Петер уперся локтями в стол, бессмысленно покачивая пинцетом.

Обменно-цикличная гифу торчала в стандартной гармонике, как хуй на именинах. То ли ошибка, то ли глубокий философский замысел, то ли хер знает что.

Но в любом случае гифу и суицид ножкой стула не имели очевидной логической связи. Если рассматривать самоубийство как обменную жертву, то плюшки от вселенной должны быть размером со статую Свободы. А тощий зачморенный Конфорта не походил на большого удачника.

Так какого же хрена?

Поколебавшись, Петер взял в руки сам мешочек – черный, из дешевого синтетического бархата. На рыхлой подкладке образовались затяжки, а между нитями застряли частички сушеной травы. Петер уже сканировал упаковку, но для чистоты эксперимента попробовал еще раз. И получил закономерный результат: по нулям. Просто два куска не особо чистой ткани, простроченные неровным швом.

Два.

Вплотную друг к другу.

Ну-ка, ну-ка…

Азартно прищурившись, Петер заклинанием подпорол нитку и потянул ее пинцетом. Подкладка отделилась от бархатного чехла и сползла на стол вялым использованным презервативом.
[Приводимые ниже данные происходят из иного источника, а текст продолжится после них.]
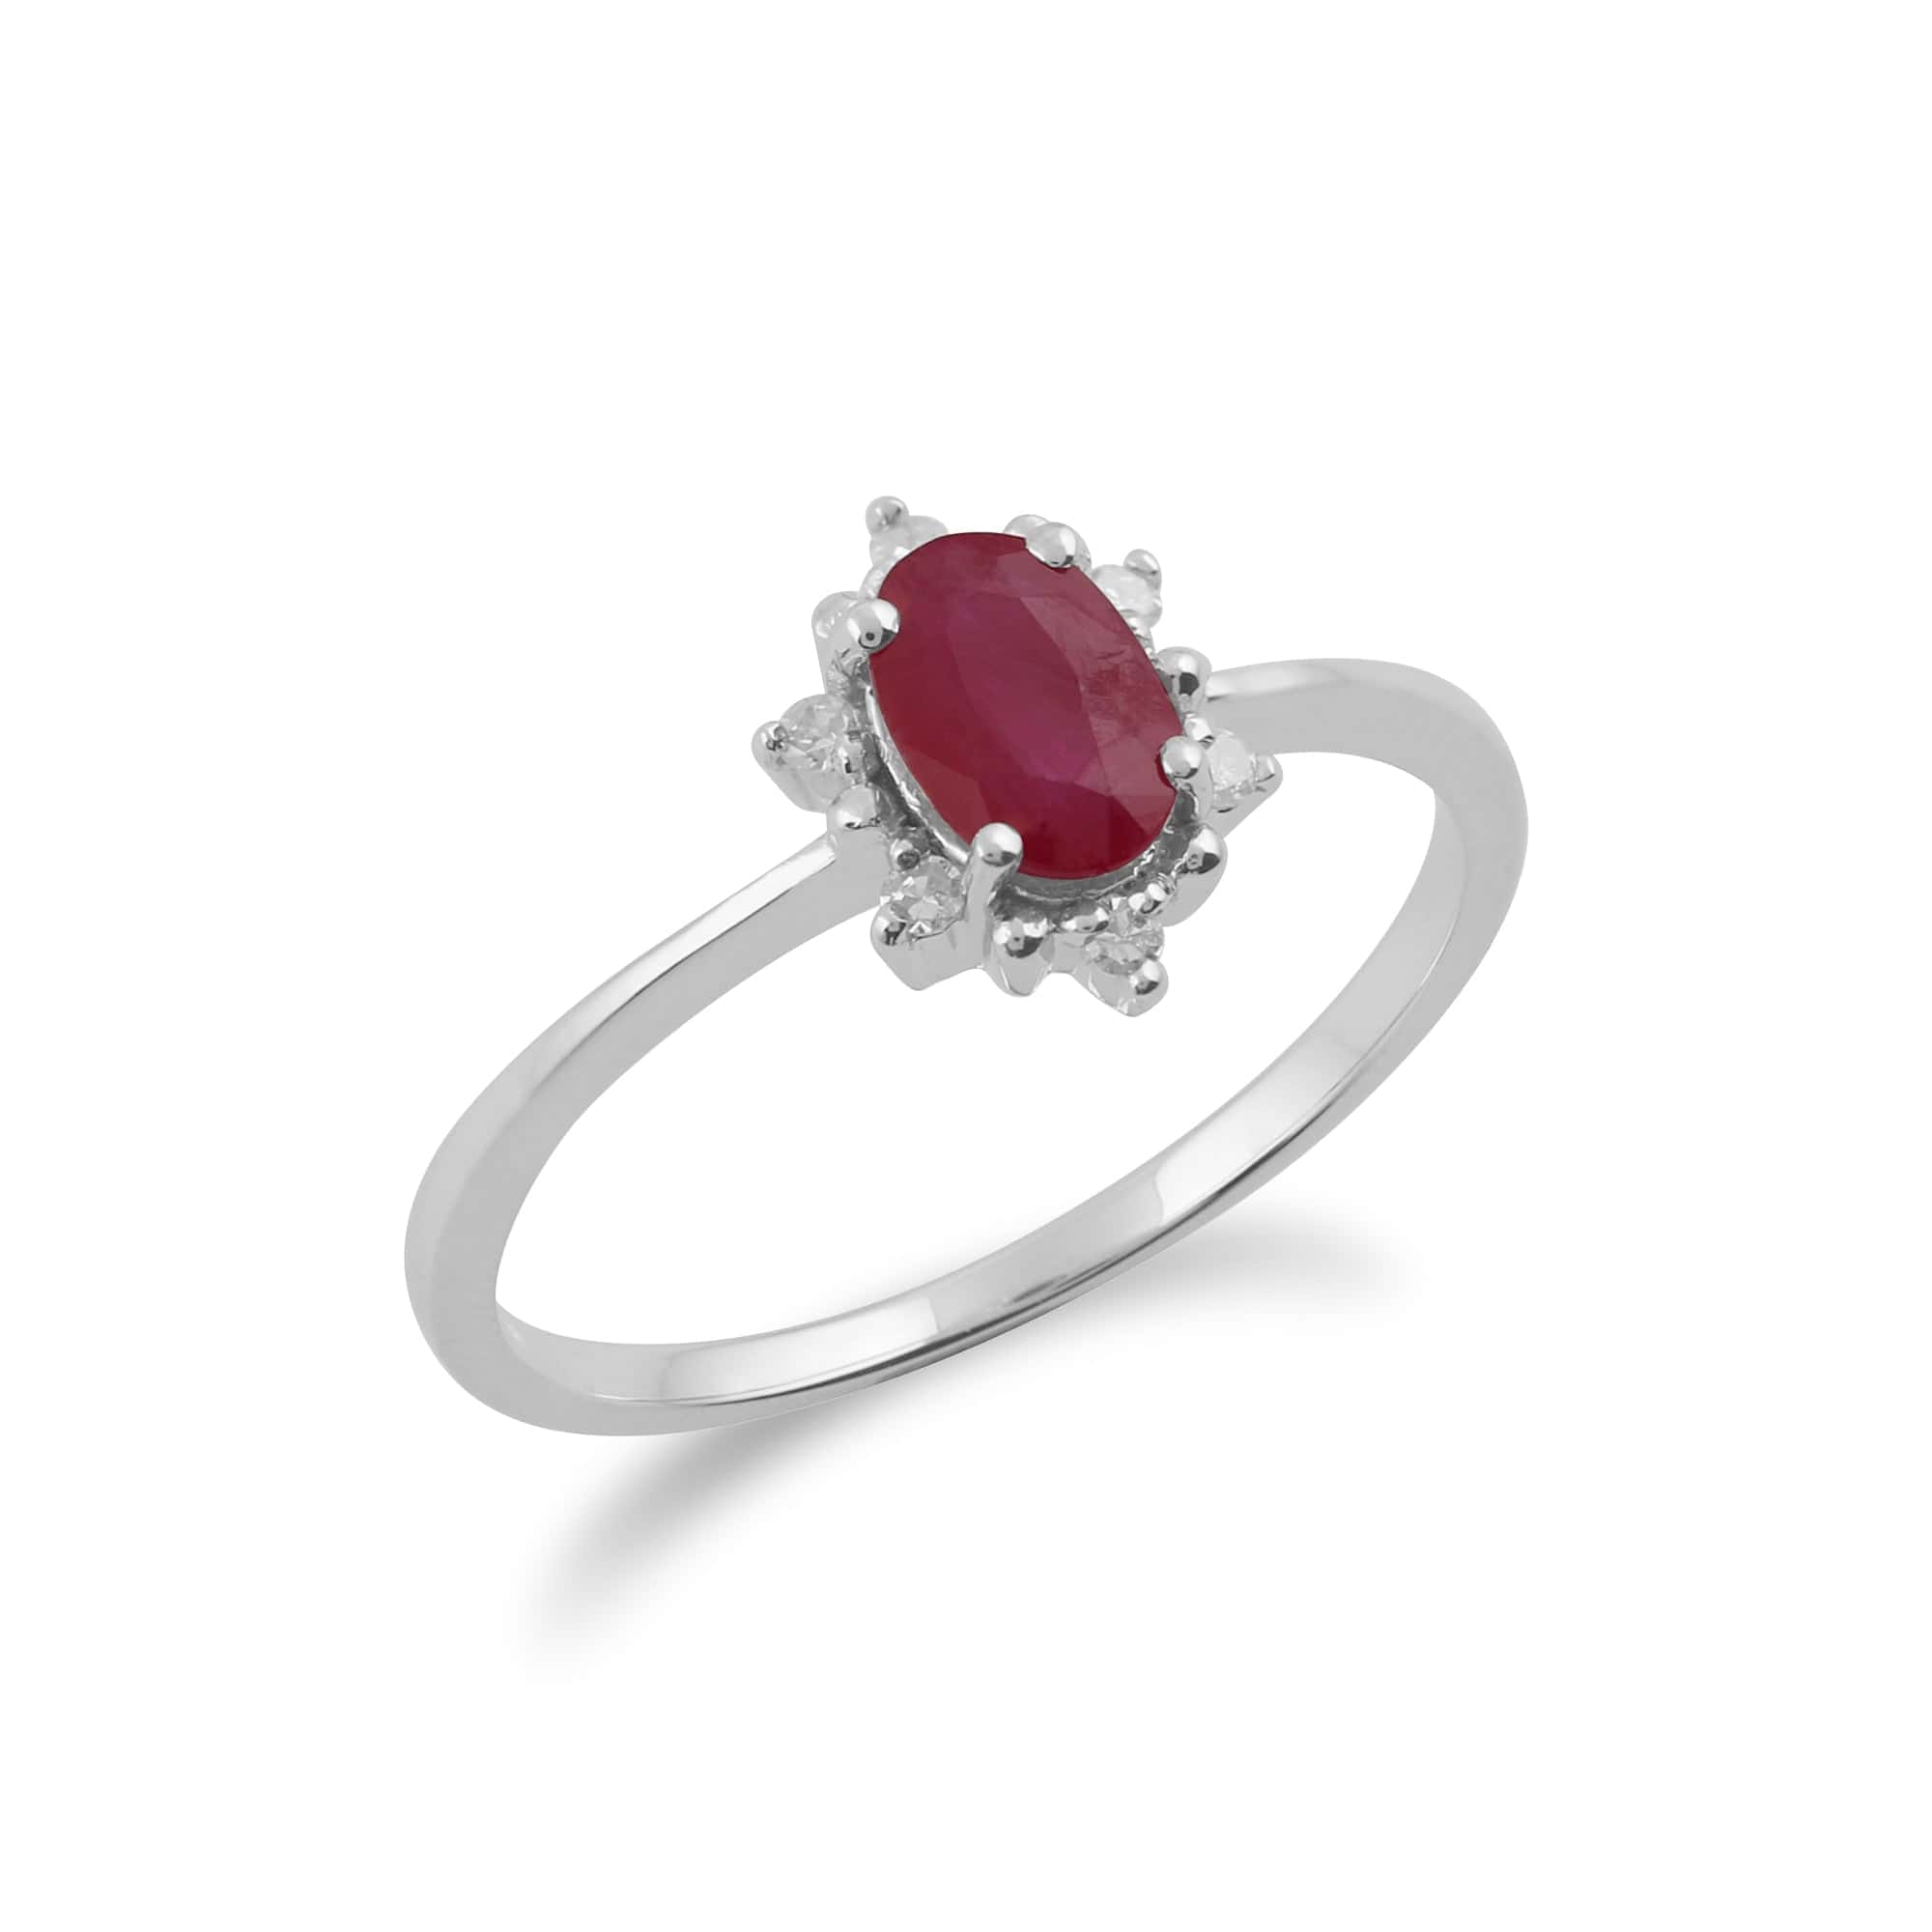 Gemondo 9ct White Gold 0.63ct Ruby & Diamond Oval Cluster Ring Image 2

- А если так? – Петер переместил пальцы, повторил сканирующее заклинание и взмахнул палочкой.

Мешочек был по-прежнему чист, и это огорчало. Но зато подкладка…

Петер сорвался со стула, как будто его пинком вышибли.

- Делл! Рыжая! Чего я нашел! Быстро сюда иди! – рявкнул он в громковещатель, и через несколько минут в коридоре простучали дробью шаги. Два человека, не один. Ну кто бы сомневался.

- Чего орешь? – влетела в лабораторию Делла. За ней маячил до боли предсказуемый Уилсон – волосы взъерошены, глаза широко распахнуты, даже рот приоткрыт. Ни дать ни взять ребенок у мешка Санта Клауса – воплощенное ожидание свершающегося чуда.

Ну что сказать – чувак пришел по адресу.

- Вот, гляди! – Петер поднял палочку, сдвинул большой палец вперед, а указательный выставил перед средним.

- Кварите Магика!

Золотая искра прошла через клочок ткани, как через пустое место, и скрылась в столешнице, подсветив защитные и стабилизирующие руны.

- Ебать-копать! – Делла выпучилась на подкладку так, словно увидела пришествие мессии. – Дай-ка я!

Еще один сканнер проскочил через клочок синтетического шелка и ушел в дерево.

- Охуеть!

- Полностью согласен с вашей экспертной оценкой, коллега, - многозначительно кивнул Петер. – Именно охуеть.

- Эй! Стоп! Как насчет объяснить происходящее тем, кто не поклоняется Сатане? – бедняга Уилсон выглядел так, будто Санта ему вместо подарка в камин нагадил.

- Сканирующее заклинание направлено на объект. Оно может сработать, может не сработать – но в цель прилетит в любом случае. Это так же неизбежно, как закон тяготения. А сейчас Петер подбросил камень – и он завис в воздухе, - объяснила Делла. По мнению Петера, херово объяснила, но Уилсон понимающе кивнул.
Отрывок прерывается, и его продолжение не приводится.